Japan Kanji: Tips and Tricks for Learning the Japanese Characters


Japan Kanji: What are they and how to learn them




If you are interested in learning Japanese, you have probably encountered kanji, the logographic characters that are derived from Chinese script. Kanji are not only essential for reading and writing Japanese, but also for understanding the rich history and culture of Japan. In this article, we will explore what kanji are, how they developed, how they are classified, how they are used, and how you can learn them effectively.


Introduction




Kanji (漢字) literally means "Han characters", referring to the Han dynasty of China where they originated. Kanji are ideograms, which means that each character represents an idea, concept, or object. For example, the character means "Japan", literally "sun-origin".




japan kanji



Kanji are one of the three types of characters used in the Japanese writing system, along with hiragana and katakana, which are phonetic symbols that represent syllables. Hiragana and katakana are mainly used for grammatical elements, native words, foreign words, onomatopoeia, etc. Kanji are mainly used for nouns, verbs, adjectives, and other important words. For example, the sentence is "study", and the rest are hiragana.


There are more than 50,000 kanji characters in existence, but most of them are rarely used or obsolete. The Japanese government has published a list of jōyō kanji (常用漢字), which means "regular-use characters". There are currently 2,136 jōyō kanji that are taught in elementary and secondary schools in Japan. Most Japanese people can read and write these characters by the time they graduate from high school. However, there are also many other kanji that are used in specialized fields, such as literature, medicine, law, religion, etc. These are called hyōgai kanji (表外漢字), which means "outside-the-chart characters". There are also some kanji that are unique to Japan, which are called kokuji (国字), which means "national characters". For example, the character means "crossroad".

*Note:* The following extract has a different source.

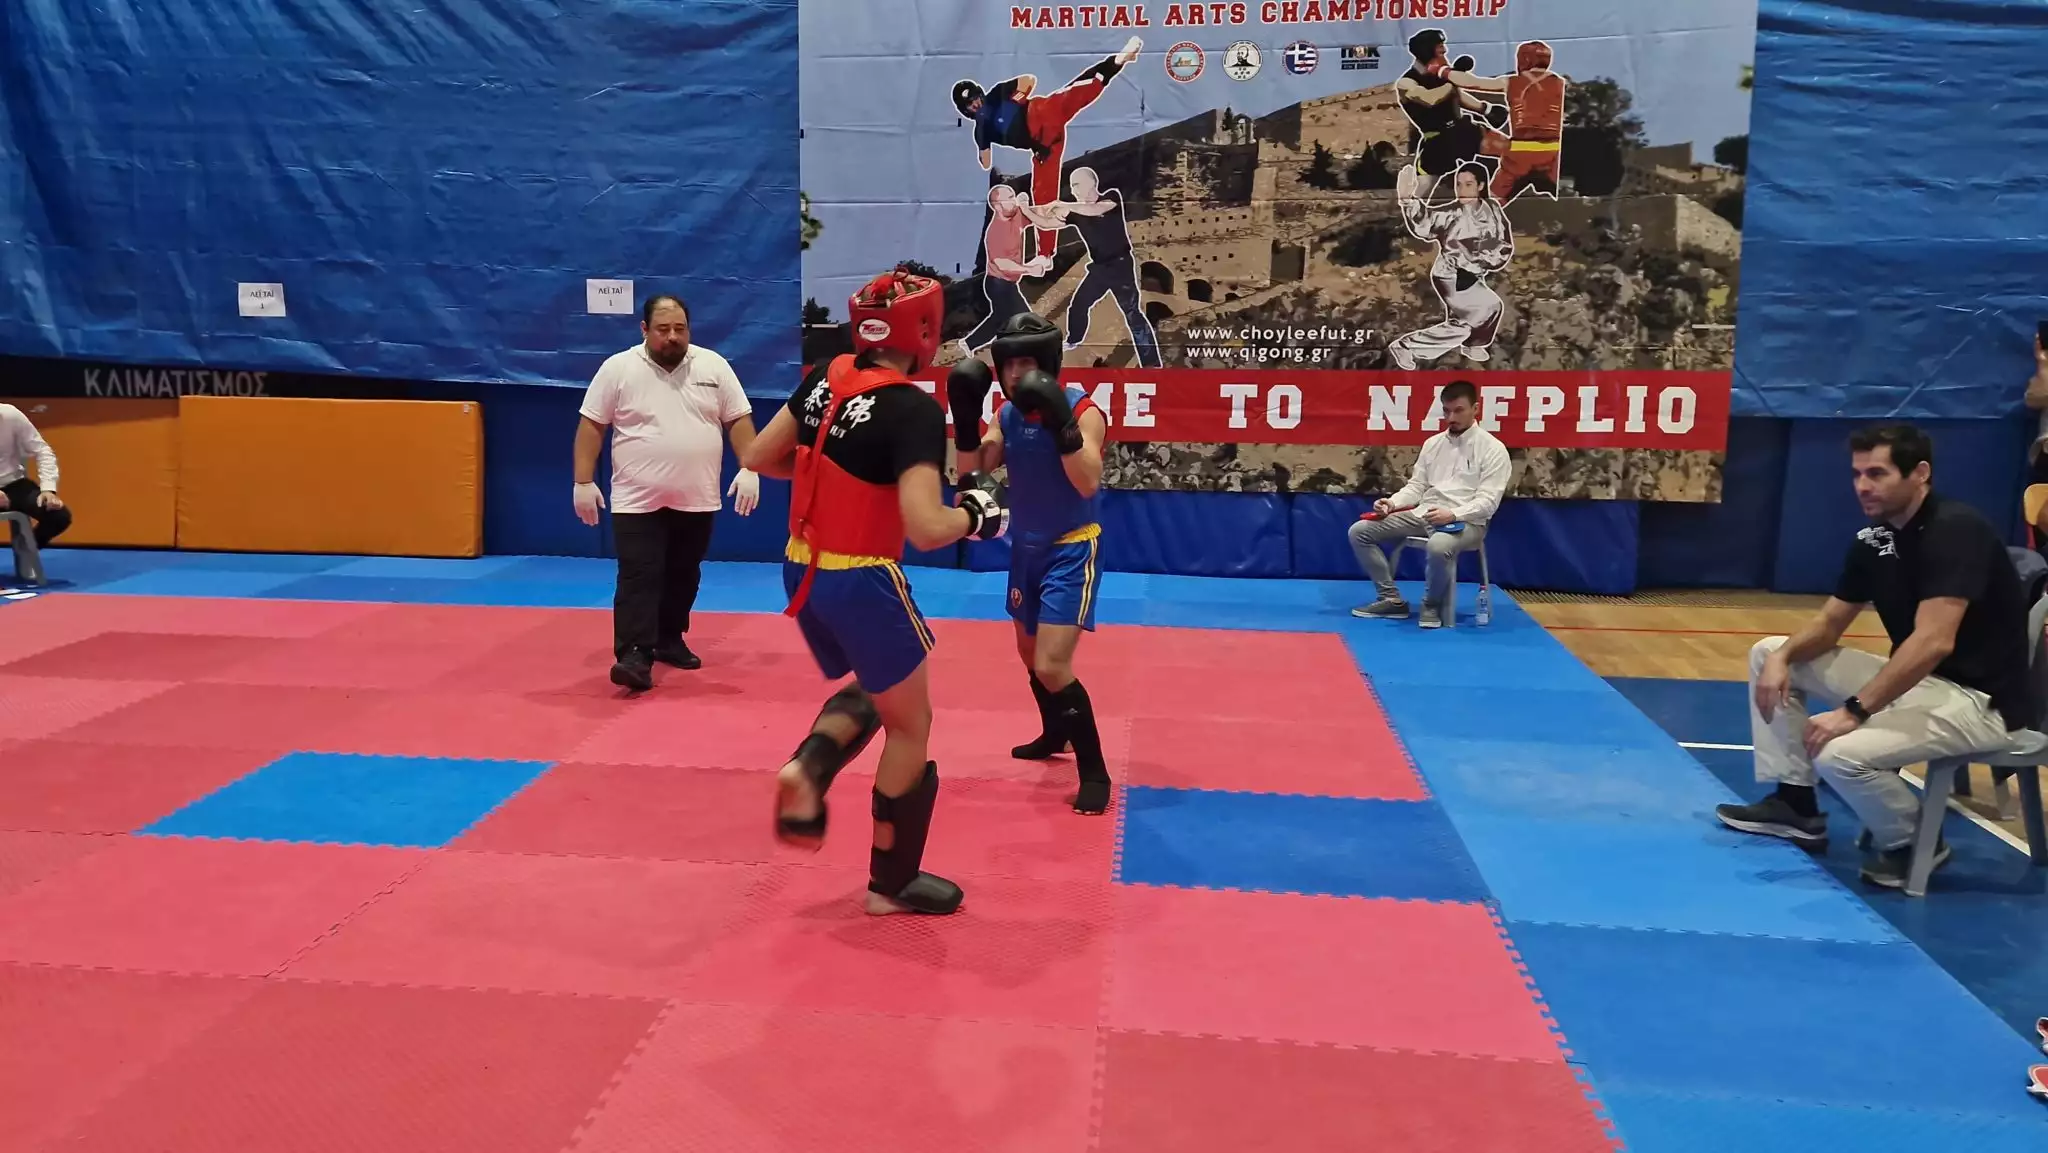 Ναύπλιο: Ανακοινώθηκε το 16ο Παλαμήδειο Πρωτάθλημα Μαχητικών τεχνών

Learning kanji can be challenging, but also rewarding. Kanji can help you expand your vocabulary, improve your reading comprehension, and deepen your understanding of Japanese culture and history. Kanji can also enhance your memory, creativity, and logical thinking skills. Moreover, kanji can be fun and beautiful to look at and write. Many people enjoy learning kanji as a hobby or a passion.


The history of kanji




Kanji have a long and fascinating history that spans over two millennia. Kanji were originally created by the ancient Chinese people as a way of recording their language and thoughts. The earliest forms of kanji were pictographs, which were simple drawings of objects or animals. For example, the character means "bright", and it is composed of the characters for "sun" and "moon".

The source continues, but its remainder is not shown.